1-10-2020 < Attack the System 47 300 words
 

On the other hand, a lot of white supremacist groups probably wouldn’t exist without all the moles in their ranks who keep their membership going.


By Alice Speri


The Intercept



The FBI has long been concerned about the infiltration of law enforcement by white supremacist groups and its impact on police abuse and tolerance of racism, the unredacted version of a previously circulated document reveals.


The FBI threat assessment report was released by Rep. Jamie Raskin, chair of the House Committee on Oversight and Reform’s Civil Rights and Civil Liberties Subcommittee, ahead of a hearing about the white supremacist infiltration of local police departments scheduled for Tuesday.


A heavily redacted version of the 2006 document had previously been published, one of a handful of documents revealing federal officials’ growing concern with white supremacists’ “historical” interest in “infiltrating law enforcement communities or recruiting law enforcement personnel.” A different internal document obtained by The Intercept in 2017 had also noted that “domestic terrorism investigations focused on militia extremists, white supremacist extremists, and sovereign citizen extremists often have identified active links to law enforcement officers.”

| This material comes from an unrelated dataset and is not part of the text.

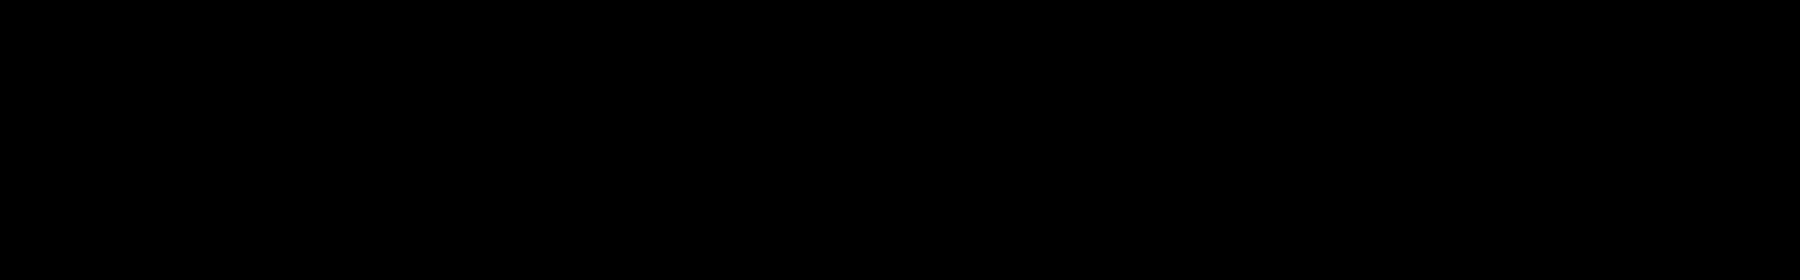 Retro Synth Glow - Serum Presets audio waveform
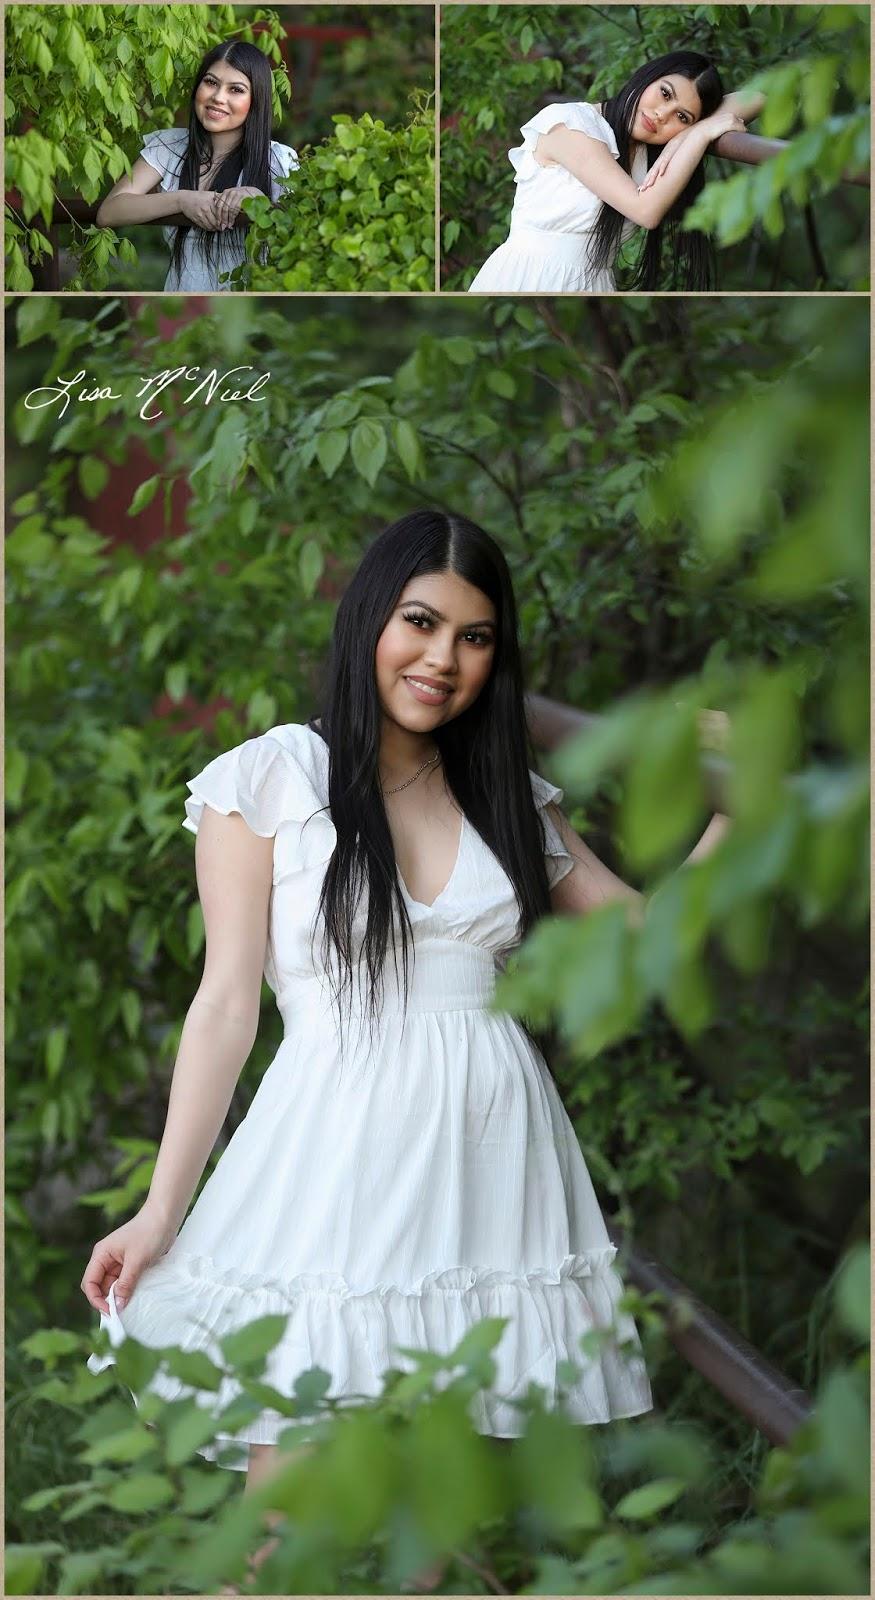 teen girl in white dress in greenery

The unredacted version of the first document sheds further light on the FBI’s concerns, as early as 2006, about “self-initiated efforts by individuals, particularly among those already within law enforcement ranks, to volunteer their professional resources to white supremacist causes with which they sympathize.”


“Having personnel within law enforcement agencies has historically been and will continue to be a desired asset for white supremacist groups seeking to anticipate law enforcement interest in and actions against them,” the report notes in a section that was previously redacted.